A gem will be provided when someone donates a rapaste.gemspec

Configuration

Configure by editing the $rapaste hash and value of DB constant in env.rb

Settings are:

  • :engine May be either :uv or :coderay
  • :fragment How many lines are visible in the list and search preview
  • :pager How many pastes are listed per page in list and search
  • :priority Array of Strings with the names of the syntaxes that should be on top of the dropdown
  • :theme Theme to use for Ultraviolet
  • :title Title shown on every page
  • :admins This might be replaced at a later point, but right now it's a simple Hash of username and password for each person that wants to help you fight spam.

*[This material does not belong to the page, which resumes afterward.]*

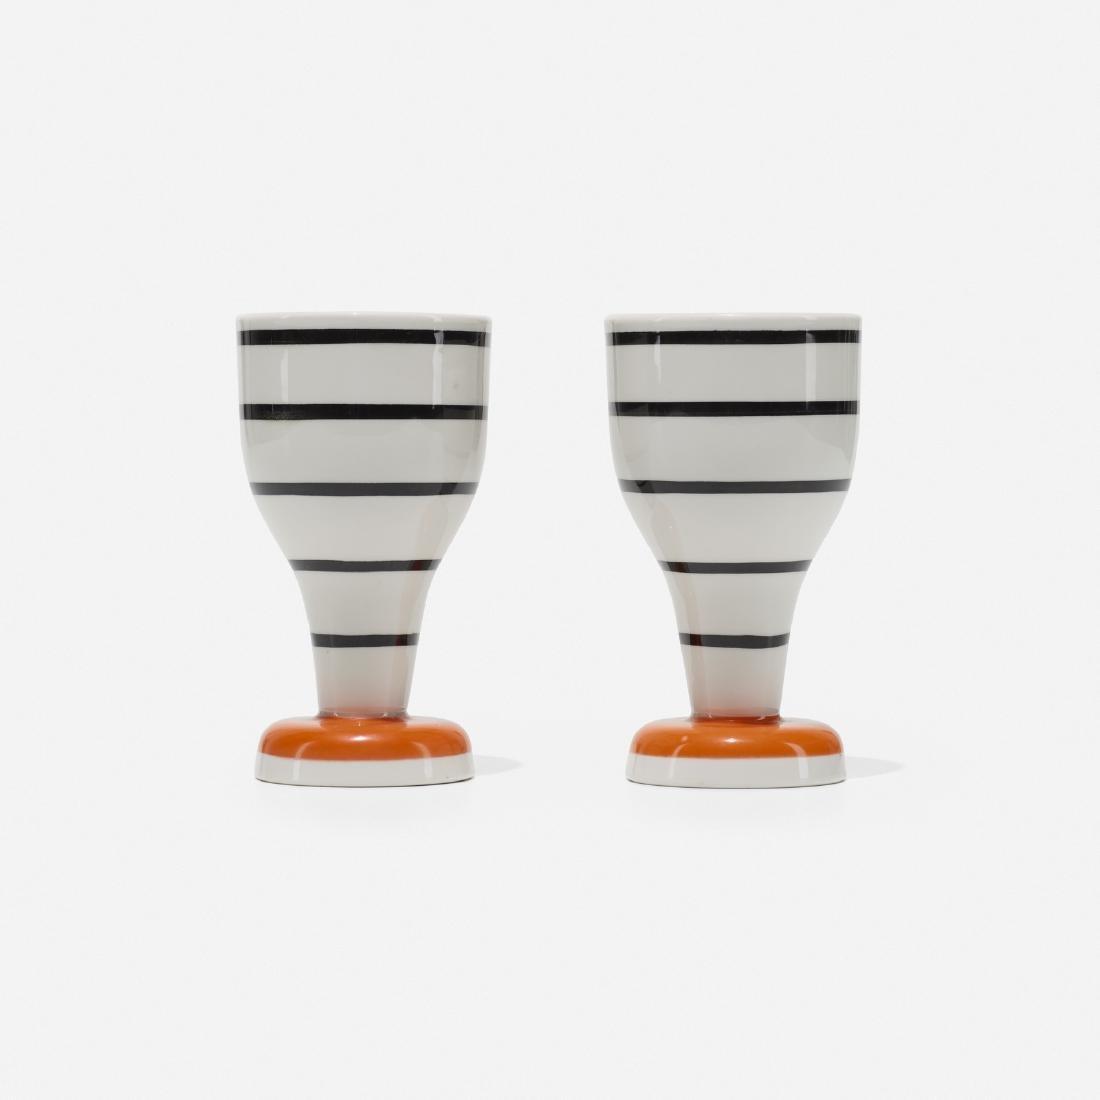 Alexander Girard, cups from La Fonda del Sol, pair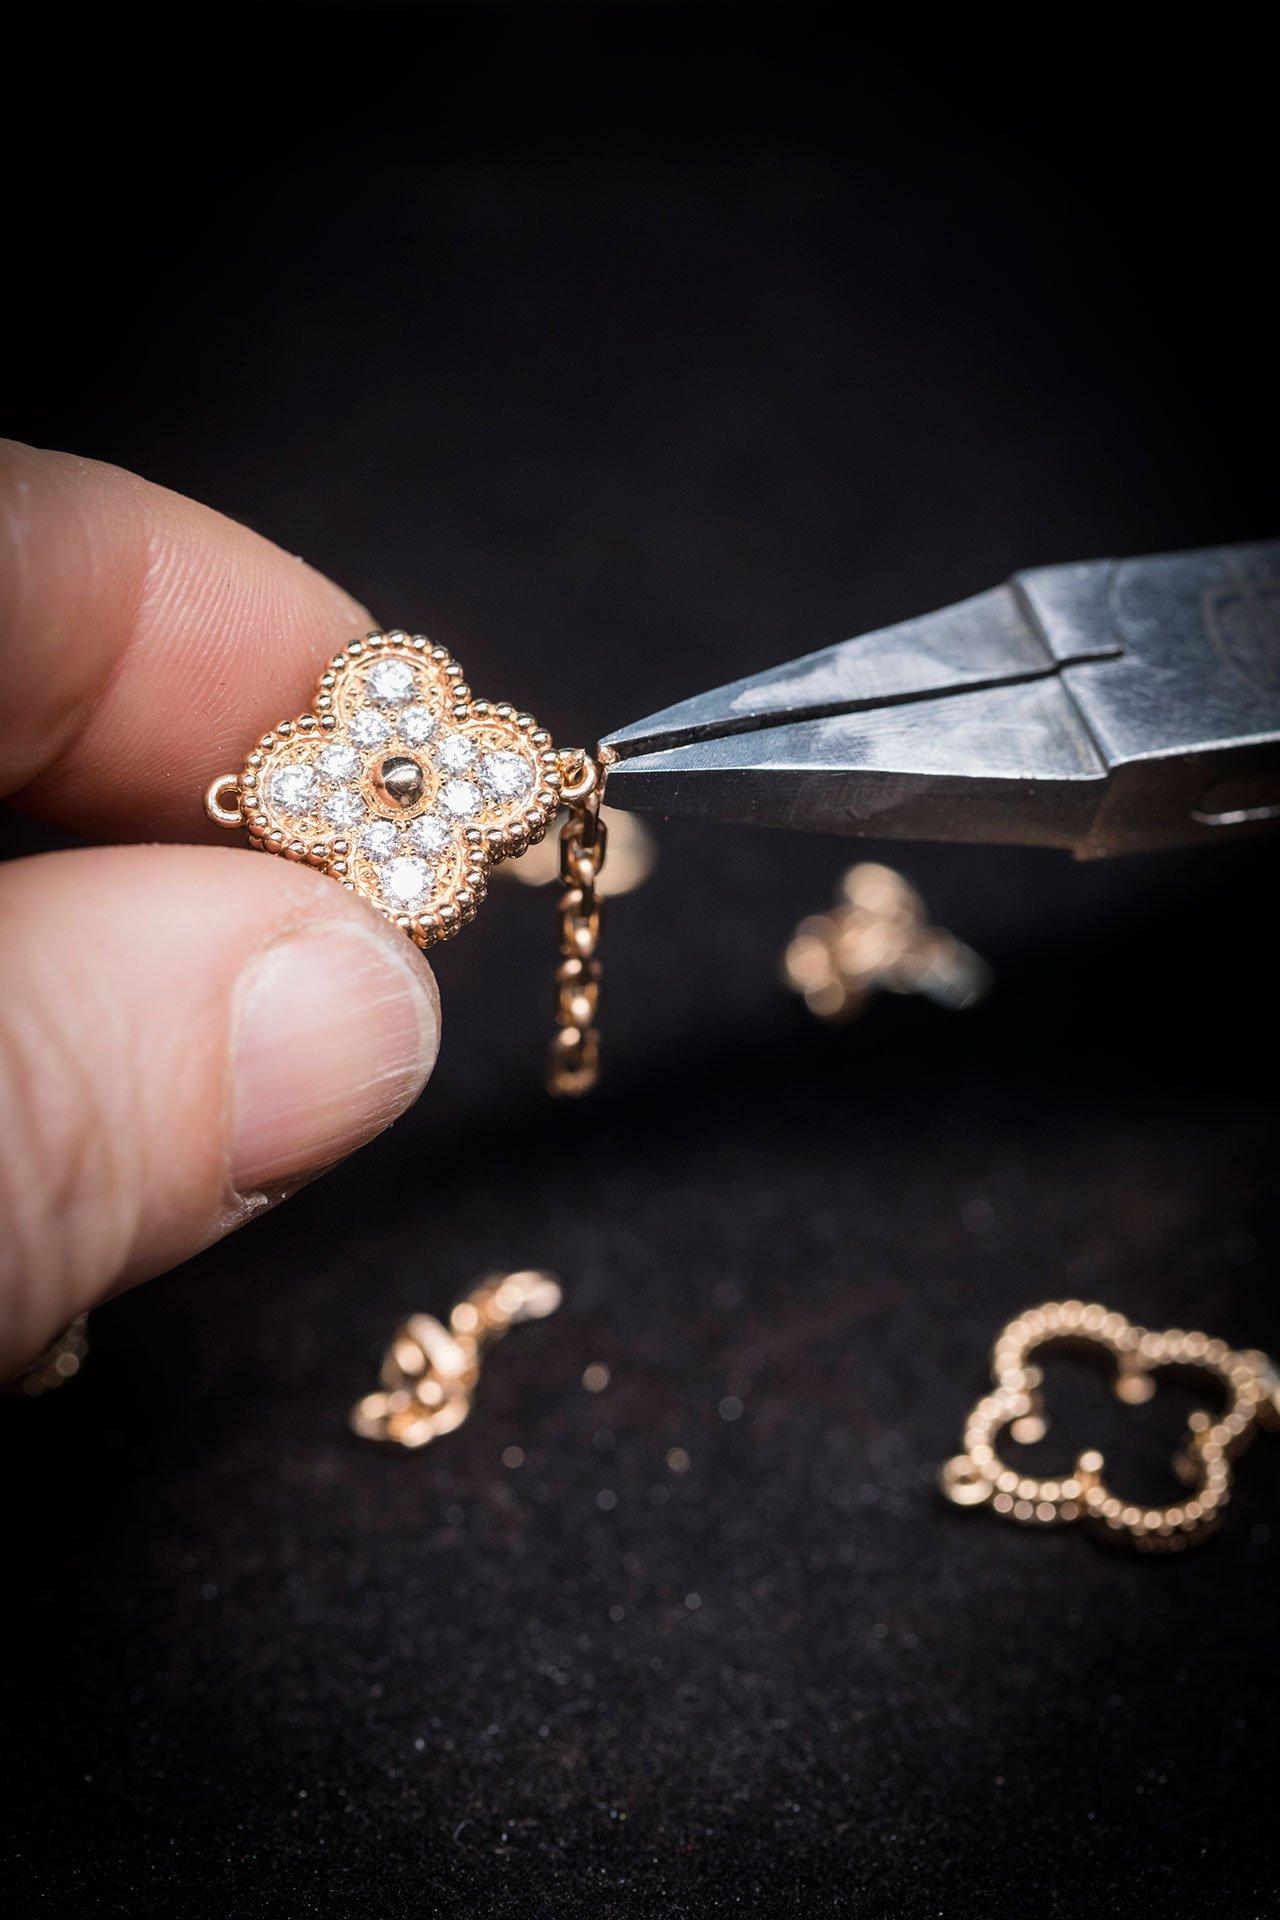 VanCleef&Arpels'making ofAlhambra long necklace. Photo ©VanCleef&Arpels.

The settings for DB may be very different for you, it's file-based sqlite by default, some possibilities are:

DB = Sequel.sqlite('my_blog.db')
DB = Sequel.connect('postgres://user:password@localhost/my_db')
DB = Sequel.mysql('my_db', :user => 'user', :password => 'password', :host => 'localhost')
DB = Sequel.ado('mydb')

{:ruby}

Usage

You can immediately start pasting after a successful start, please tell us if you don't find the user-interface intuitive enough or feel we're missing something.

Most likely your RaPaste will start to attract some crazy spammers, but don't worry, we have you covered. In order to keep them from messing up your listing and search and filling your database we have added adaptable bayesian filtering. The administration interface is located at /spam, you will be presented with a list of unreviewed pastes and suggestions on how to handle them.

The other form of protection is rather simple, every paste is only considered for visibility once it was accessed from another IP, so once someone pasted and passes on the link, it will most likely be openend from another IP and so made visible for everybody. We thought this would be a reasonable first step to avoid massive flooding by spammers, but doing manual filtering is still necessary sometimes.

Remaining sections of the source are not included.